Tympanometry and acoustic reflexes:

These procedures evaluate the middle ear function by measuring the tympanic membrane compliance, the external ear canal volume, and the pressure changes inside the middle ear cavity, as well as the function of the middle ear muscles. These tests usually reveal middle ear infection, tympanic membrane stiffness or perforation, and abnormalities in the function of the middle ear muscles.

 

Visual reinforcement audiometry (VRA):

This hearing test is designed to evaluate the hearing of children from 6 months to two-years of age in a sound treated booth. The test includes the presentation of individual tones at different frequencies and intensities, from different directions inside the room. Children tend to search for the sound source by turning their heads or eyes toward the loudspeaker that produced the sound. After the child turns toward the sound source, the examiner displays a dancing toy or a cartoon as a reinforcement to encourage the child to continue searching for the sound source every time the sound is heard during the test.

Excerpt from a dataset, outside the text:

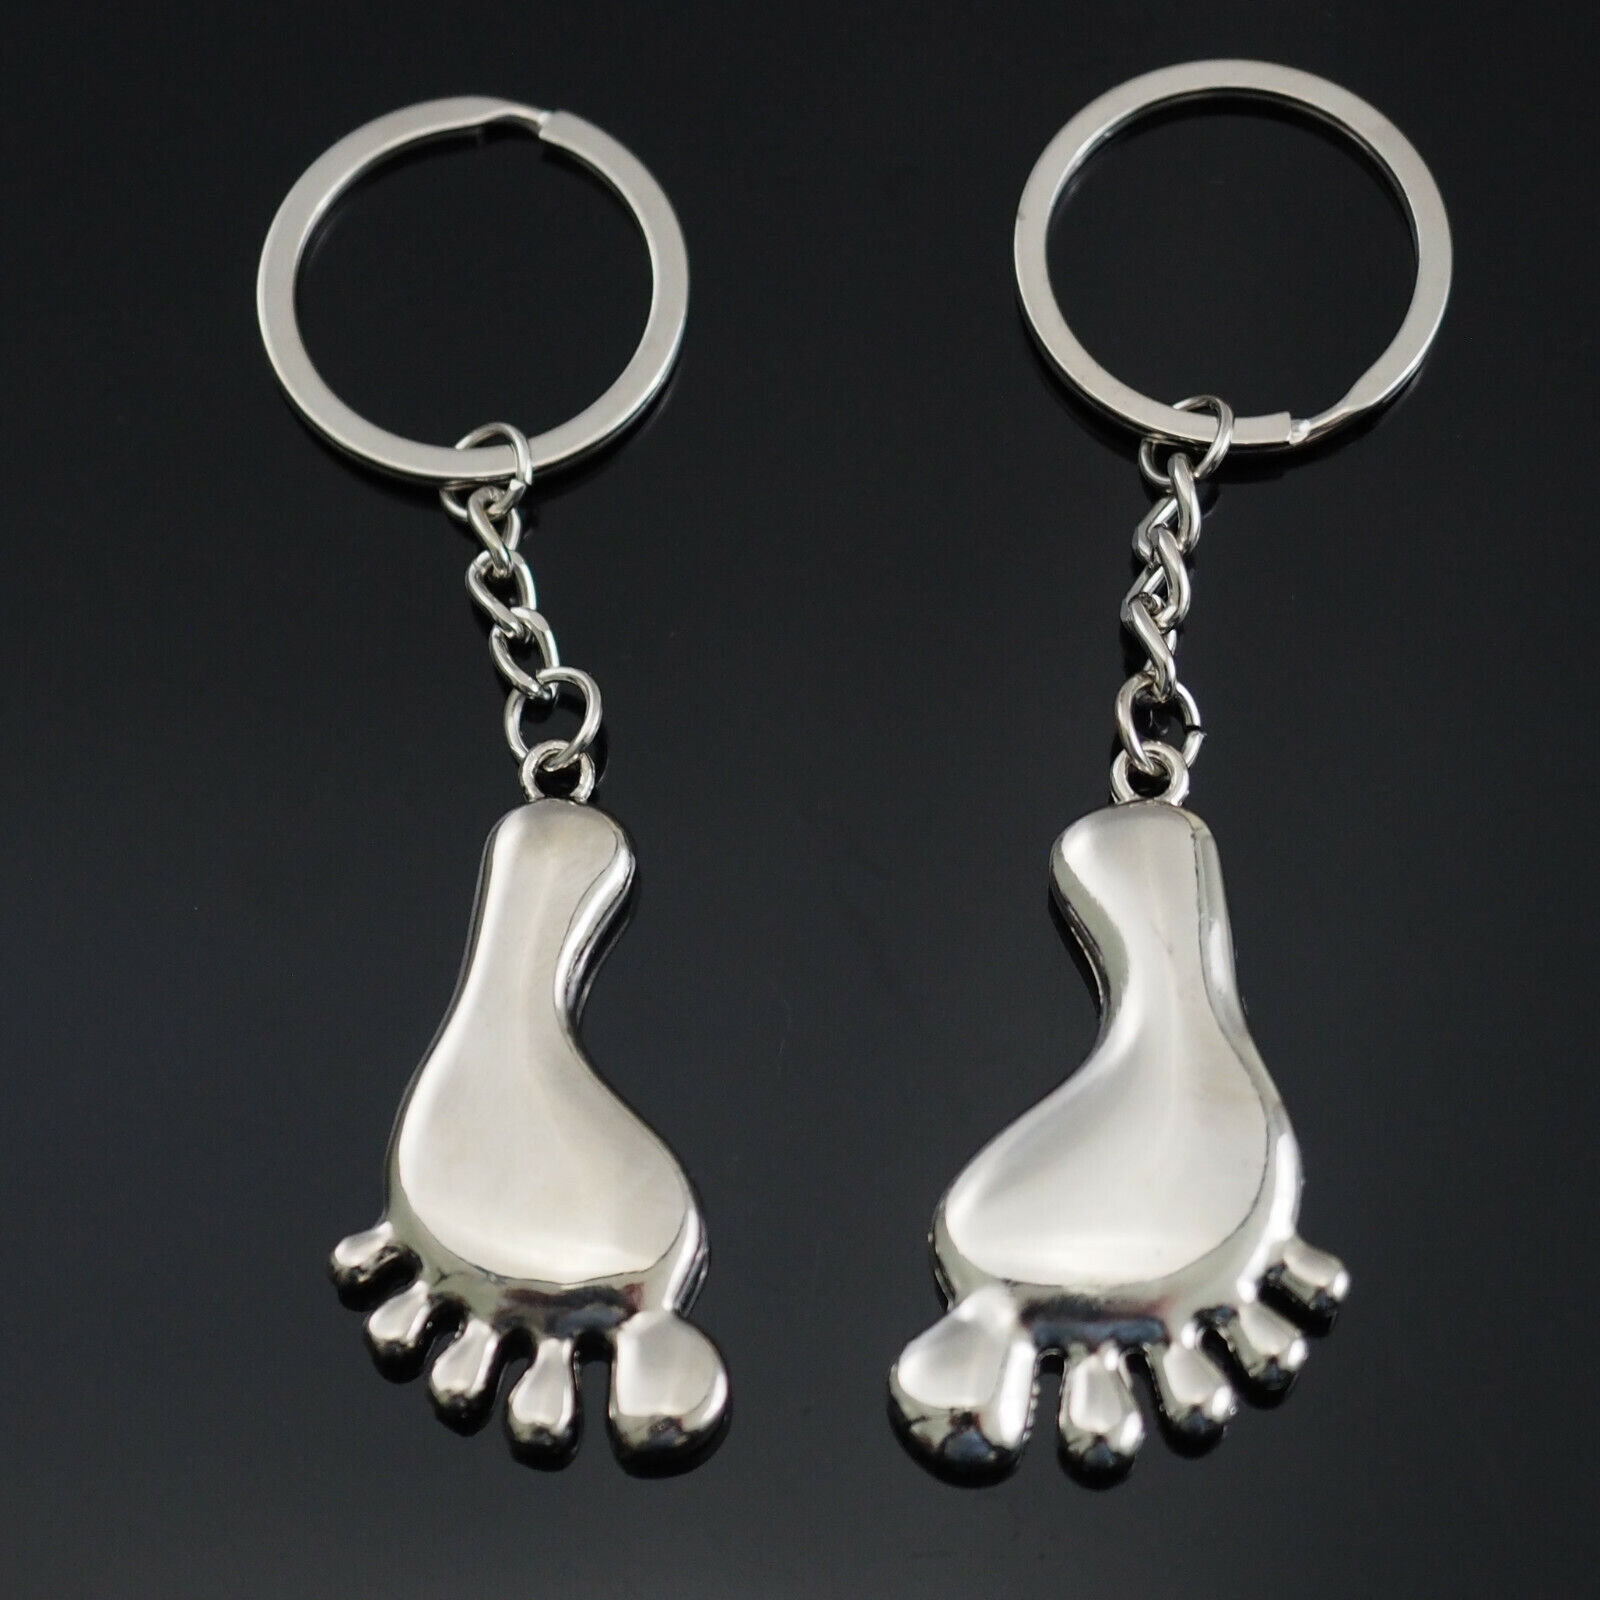 2x PCS Bigfoot Sasquatch Yeti Big Foot Toes Keychain Key Chain Metal Charm Gift

The child’s head or eye turn toward the sound source is considered as the child’s response to the heard sound.

 

Play audiometry:

This test evaluates the hearing of children from two to five years of age in a sound treated booth. During this test, the examiner presents several individual tones at different frequencies and intensities through the headphone or the loudspeaker. Each time the sound is presented, the child responds if he hears the sound by doing a certain task in a game context such as throwing a cube inside a bucket each time the child hears the sound. The child’s response to each sound allows the examiner to evaluate the child’s hearing level.

Standard audiometry:

This test evaluates the hearing level of adults in a sound treated booth. In pure tone audiometry, the examiner presents several individual tones at different frequencies and intensities through the headphone mounted on the patient’s ears. The patient is instructed to push a button or raise his hand every time he hears the sound, allowing the examiner to identify the patient’s hearing level. In speech audiometry, the examiner presents several standardized words, and the patient is instructed to repeat the words as heard. This test allows the examiner to identify the patient’s speech reception threshold, and the word recognition score.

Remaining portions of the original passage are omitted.